GPT-4 has been made worse in the ChatGPT UI as well since the May update. It makes many more strange errors and has trouble reasoning around complex problems and ambiguity. Prompts similar to stuff that worked fine for me last month now require multiple iterations of feedback. I’d switch to using the API, but I’d go over the equivalent $20 of usage pretty quickly.
The models tend to degrade when trained to be safer.
A GPT-4 talk on youtube by personnel from Microsoft has documented this phenomenon with the 'Tikz Unicorn' evolution shown in the GPT-4 technical paper.
The model gets qualitatively better with more training, and then degrades when trained to be safer (against racism sexism, etc), but it is not entirely clear why. These would seem very unrelated, especially when considering work done in LM editing (ROME/MEMIT) and the decent localization of knowledge seen there.
So, perhaps both the "I'm sorry I can't..." and 'strange errors' are not entirely orthogonal.
To me it is clear why. Imagine someone told you "answer immediately, top of your head: what's the best seasoning?". You'd just blurt out whatever specific you associated with pleasing seasoning (and that would be a good answer). Now imagine someone said "answer immediately, off the top of your head, but without offending any culture, gender, without a cultural bias, and without being presumptuous of the listener's socio-economic status (and if you fail one of these, someone dies) what's the best seasoning?"
Even without the way that is going to lead to all sorts of compromising and second guessing in the answer space, simply only a fraction now of your brain is left to associate about the question due to just holding all that other stuff in there.
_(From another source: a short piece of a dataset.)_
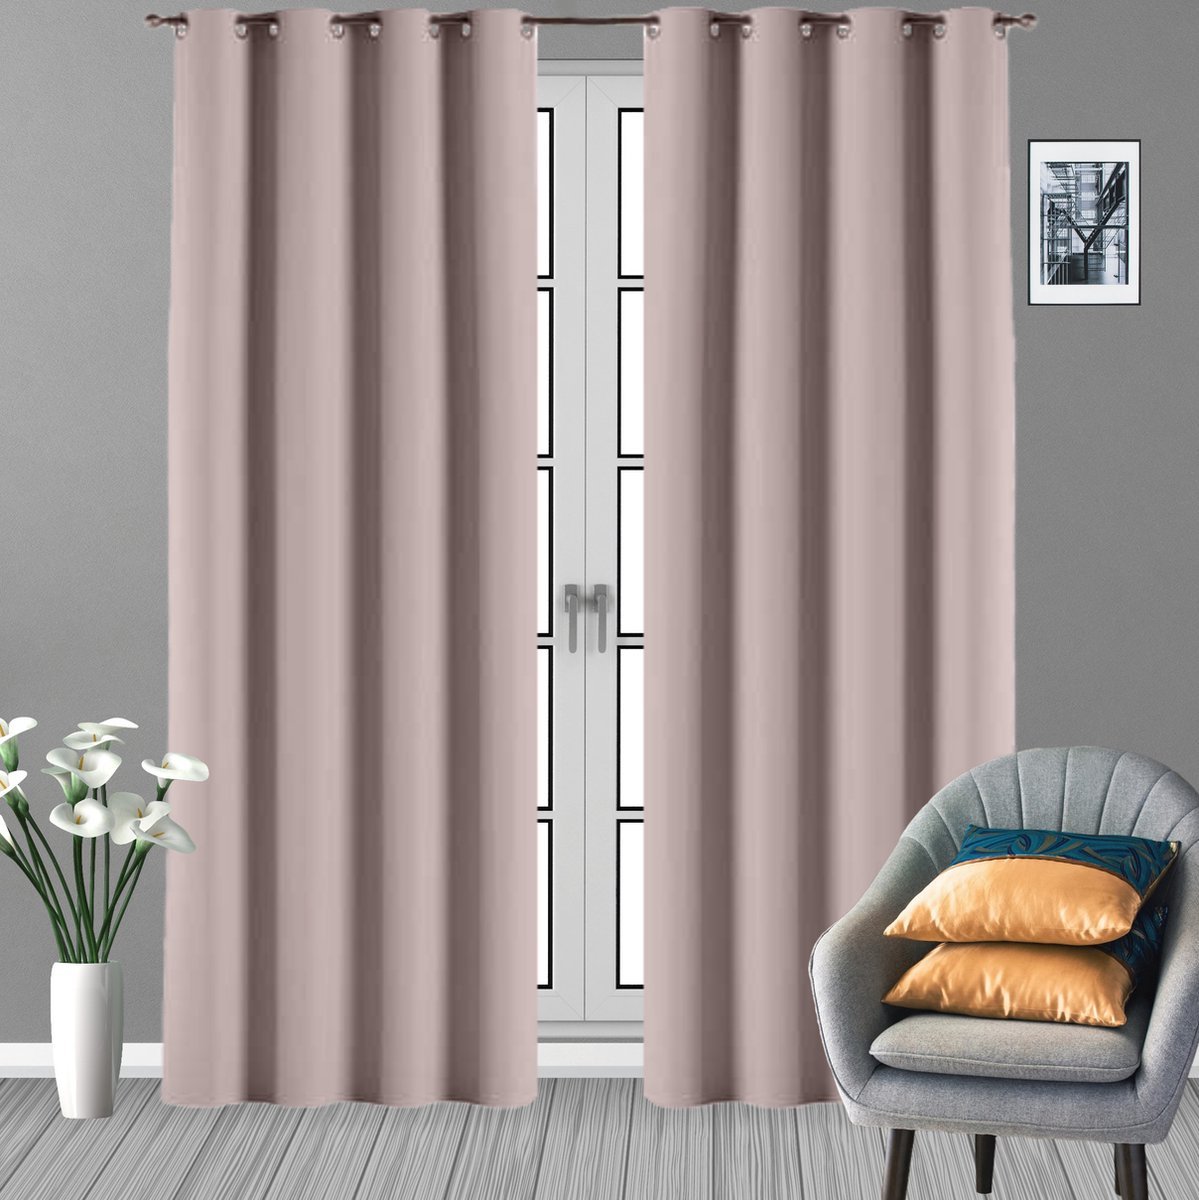 Glow Thuis - Verduisterende Gordijnen - kant en klaar -Roze Curtains- Met Ringen - 140 x 250 cm

Yes! I’ve noticed this too, it’s just slightly less sharp. It probably has to do with how much trouble they are having servicing all of the demand, so they have rolled out a scaled down version that requires less compute.
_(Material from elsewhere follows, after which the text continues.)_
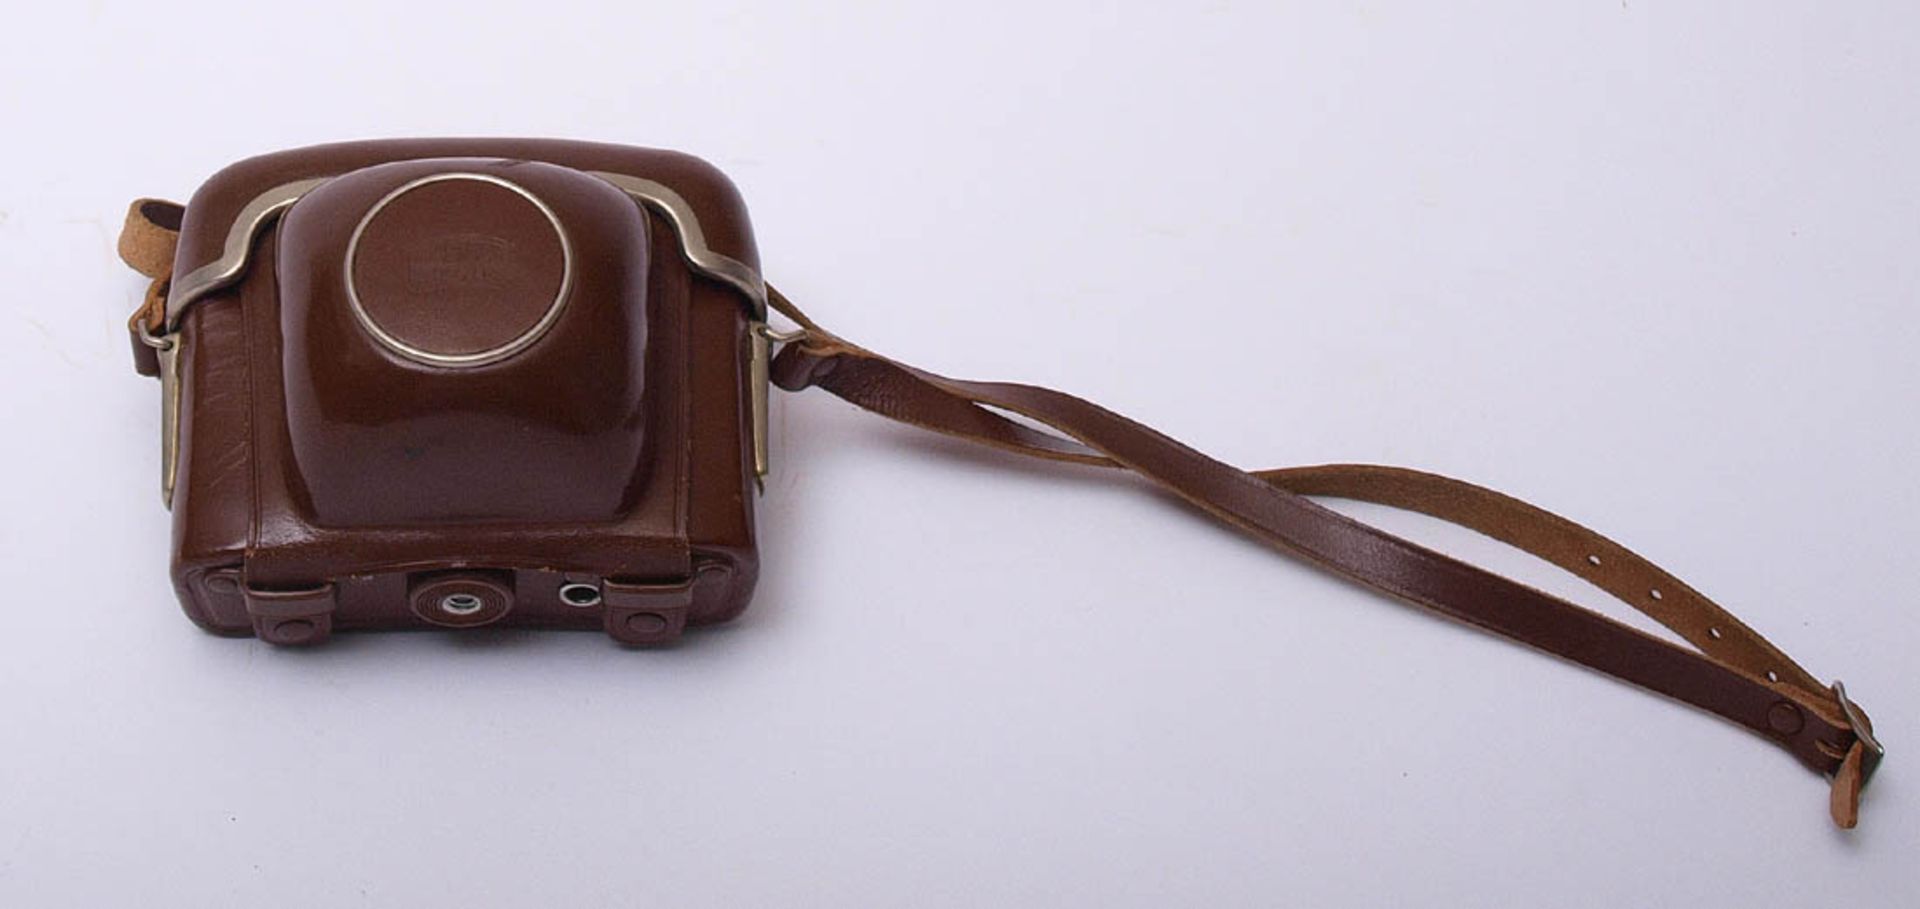 Kamera, Kodak Retinette IA Originale Lederhülle. - Bild 2 aus 2

Nah. Most of the response are as an ai language model I can't, even if you ask for information you provided.
The API is where it's at. There are wrappers on it that create the same chat look and feel, that can run on vercel or other very low cost providers, some with simpler UI, some with more features,some replicating the UI exactly.
I was under the impression that it was mostly GPU vram based but once the model is loaded, it could produce output quickly? I'm probably over-simplifying things...
The latest gpt-3.5-turbo model generates very quickly and cheaply (in part to some recently-discoverd optimization techniques... older versions cost 10x more). While the required hardware to run GPT-4 is currently unknown, it generates considerably slower on average and its much higher cost points to a higher hardware cost.